Private ownership complicated access and evaluation on the dam, mill site and other features. The Hoosier owns only a portion of the peninsula where the dam and mill are located. The mill site, dam, and former mill pond are on private land. A log cabin, thought to have belonged to the mill operator, burned down a few years ago on private land near the mill site, though the cellar remains. However other cultural features related to the mill are on federal land.
Since the Little Blue River is shallow, in order to back up enough water to operate a mill, Carnes built a dam across the river. The dam held the water back to a level sufficient to turn the mill wheel which was likely an under turn wheel.
Ryan Campbell, Researcher with the Center from SIU, believes the mill was a two story structure on the bank that extended over the river on piers. The point in the dam where the water was funneled through a drain to turn the wheel is still visible. No sign of the wheel remains although there are still large wooden beams in the river.

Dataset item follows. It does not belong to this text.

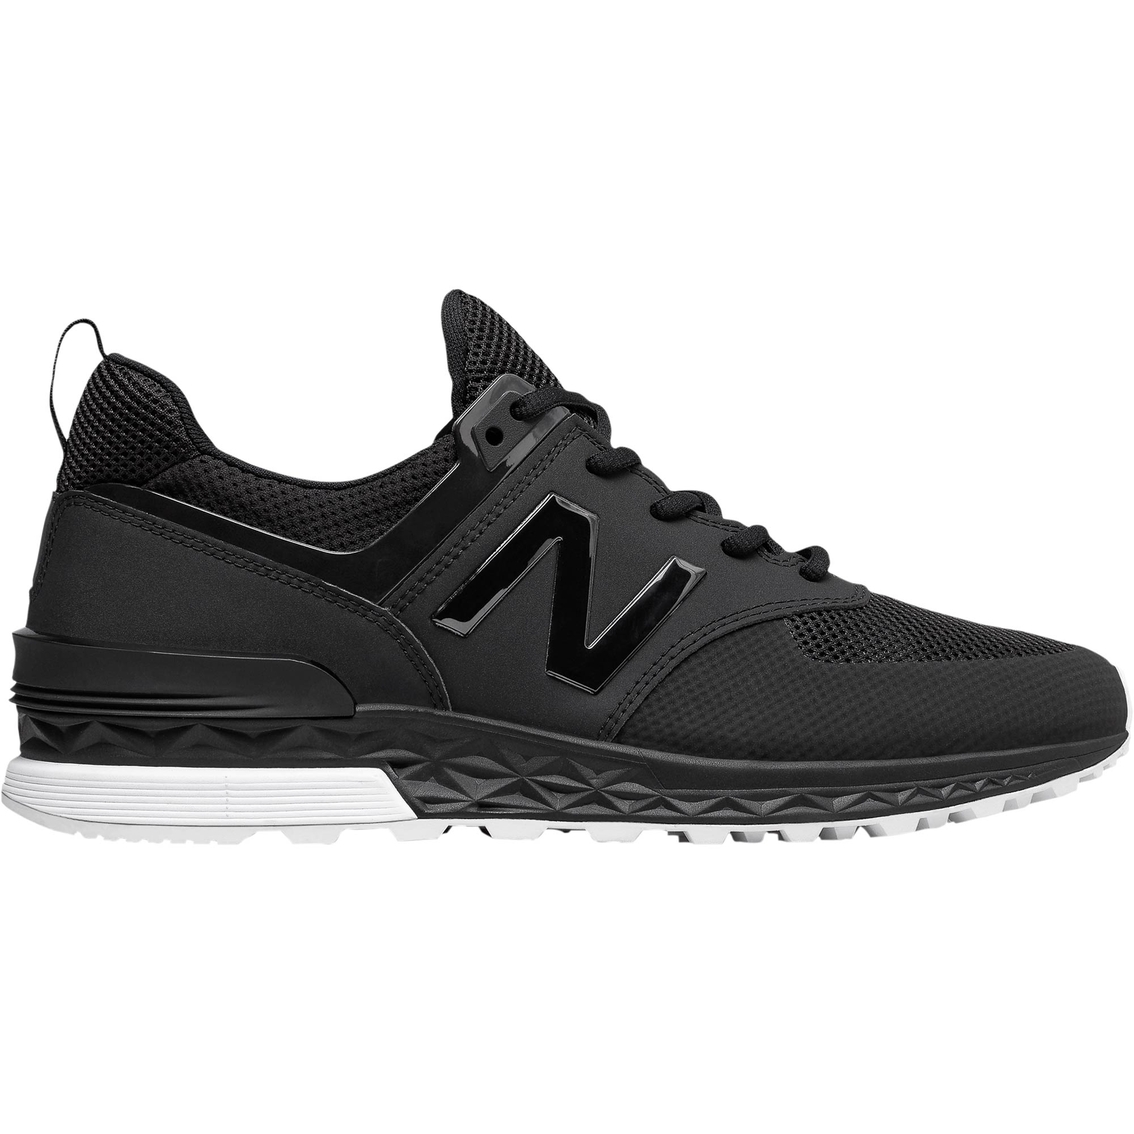 New Balance Men's Athleisure Shoes Ms574sbk | Sneakers | Shoes | Shop ...

Carnes utilized a natural cave under the narrow peninsula upstream from where he built his mill. He built a system with cut rock to control the water entering the cave. When he wanted to back up the water in the mill pond, essentially damming up the Little Blue River, he would close the cave. The water backed up forming a deep pond in the river, and he could operate his mill. When the mill was not in operation he opened the structure and let part of the water run through the cave as it naturally would. He also built a rock retaining wall along the base of the structure to keep water from escaping into the cave when it was needed for the pond.

The control structure was a two-story deep structure, and Campbell speculates it had an iron door to regulate the water. There may have been a building over the stone structure as well. Campbell believes the gate would have been heavy so it would have been lifted with a wheel. The water would have flowed through the structure and into the cave.

The students also excavated around a cabin site near this water structure where presumably someone lived whose job was to regulate the water levels. They discovered several artifacts consistent with the mid to late 1800s.

A deep cistern next to the cabin site was made of cut stacked sandstone with a cement plaster coating. The same cut stacked sandstone was noted at the cabin on private land in the ruins of the old cellar doorway and cistern.

Campbell said John Carnes had a grist mill on the Big Blue River at Milltown in the 1840s on a bend in the river very similar to this. He then went to California during the Gold Rush, but came back and started this mill. Whether he, or someone else, ran the mill is not known.

The Carnes Mill Site is only partly owned by the federal government, but is managed as a special area. The 280-acre Carnes Mill Special Area was designated due to the geology of the subterranean cutoff, as well as the dry upland forest community and sandstone cliffs. The vegetation communities on the sandstone cliffs and the American beech, sugar maple and yellow poplar forests are considered special.

Campbell also found where the sandstone used in the water control structure and in the foundation stones were quarried. The rock faces along the bend in the river have clear indications of being quarried with chisels and drills. He said gunpowder was also often used.

The land yields clues to those who know how to read them. Campbell indicated the scars of an old road bed on either side of the Little Blue River, and said the Carnes Mill Road once ran down the hill, and forded the river. It is impassable today but with some imagination you can see wagons bringing grain or logs to the mill. This now remote and quiet bend in the river may have once been a busy place of commerce.

The old cut sandstone dam was partially deconstructed by the Civilian Conservation Corps so that the Little Blue River could flow more easily around the bend and wouldn't flood, but most of the dam is still visible. Campbell speculates the dam was built higher at one time with earth and now only the sandstone base remains. Graffiti at one end of the dam is carved into a sandstone rock: "J.B. May 1918."